26.03.2010

Politics & the Nation
  • Supreme Court heralds 4% reservation for Muslim backwards
    • The demand for religious quota in jobs and admissions gained legitimacy on Thursday when the Supreme Court leaned in favour of an Andhra Pradesh (AP) law providing 4% quota to 14 “backward groups” within the Muslim community. The court, which passed an interim order, referred the adjudication of constitutional validity of the AP law to a Constitution Bench.
    • The SC interim order, passed by a bench comprising Chief Justice KG Balakrishnan and justices JM Panchal and BS Chauhan, may now open the floodgates to extending the benefits of reservation to Muslims and Dalit Christians in other states. The lack of judicial sanction has so far been cited by the Centre to stonewall demands for religion-based quota, which was recommended by the Ranganath Mishra panel.

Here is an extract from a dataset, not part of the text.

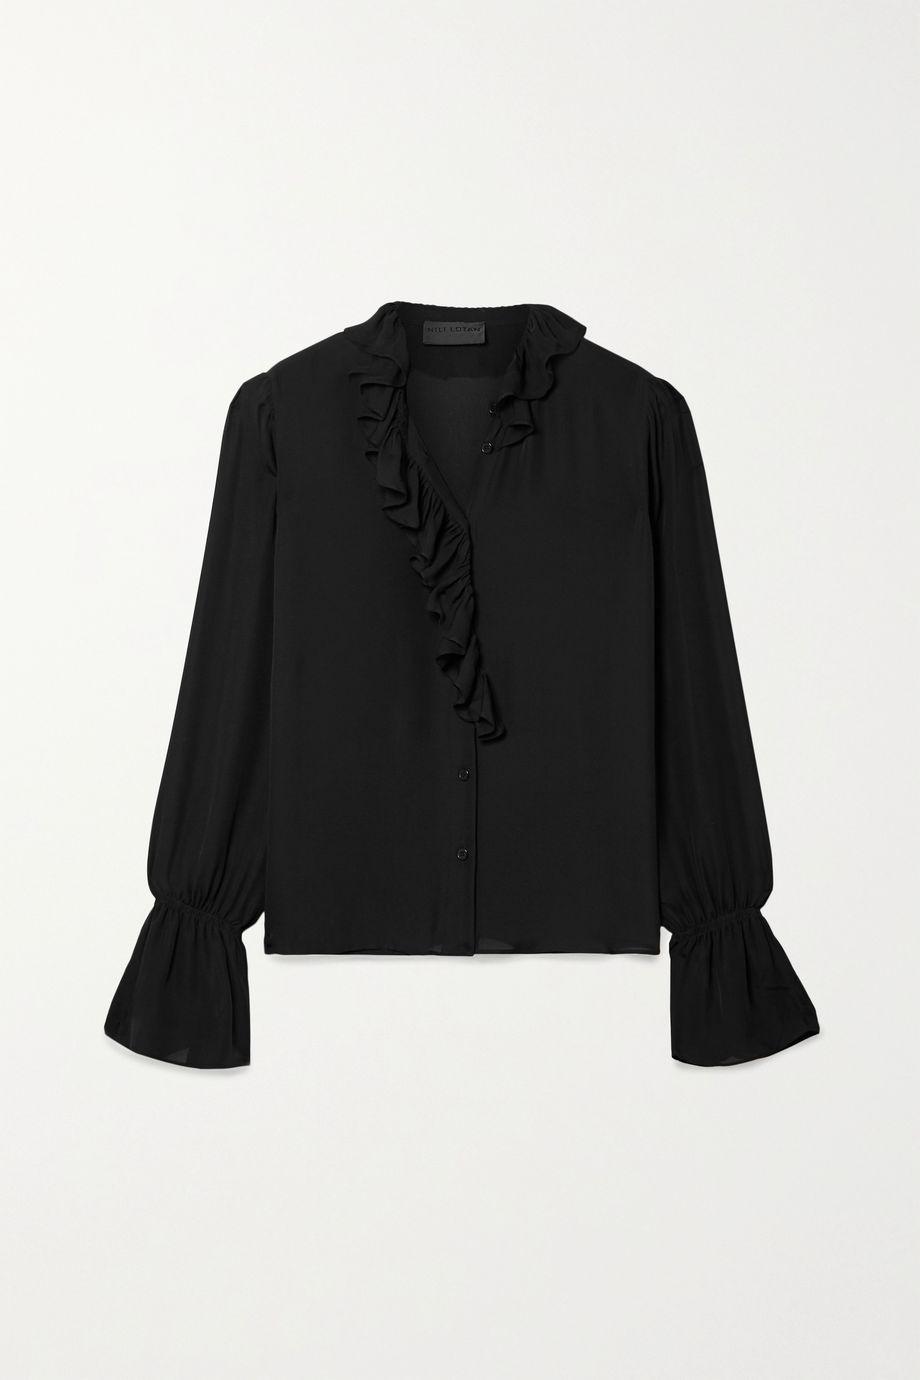 Nili Lotan Cecily ruffled silk-chiffon shirt

    • The AP move was earlier turned down by the state’s high court for violating the Constitution. In a majority judgment of 5:2, the high court had struck down the law arguing that it was “unsustainable” and violative of articles 14, 15(1) and 16(2) of the Constitution. While Article 14 pertains to the right to equality, Article 15 prohibits discrimination on the basis of race, religion and caste while Article 16 is about equality of opportunity in matters of employment.
    • The only categories now kept outside the quota ambit are Syeds, Pathans, Arabs and Iranis, but they account for less than 10% of Muslim population in the state. Muslims constitute 9.2% of AP’s 77 million population.
    • The apex court bench was in agreement with the argument put forth by Attorney General (AG) GE Vahanvati and former AG K Parasaran that quota benefits are extended to socially and educationally backward communities on the basis of their profession and not religion.
    • It would be social discrimination of the worst kind if on the one hand reservation was given to similarly situated groups within the Hindu community, but denied to those in the Muslim community, they argued. The Bench was in agreement with their position that it was not fair to exclude Muslim barber or washerman community from the quota list when the similarly placed Hindu groups were being provided with benefits of reservation.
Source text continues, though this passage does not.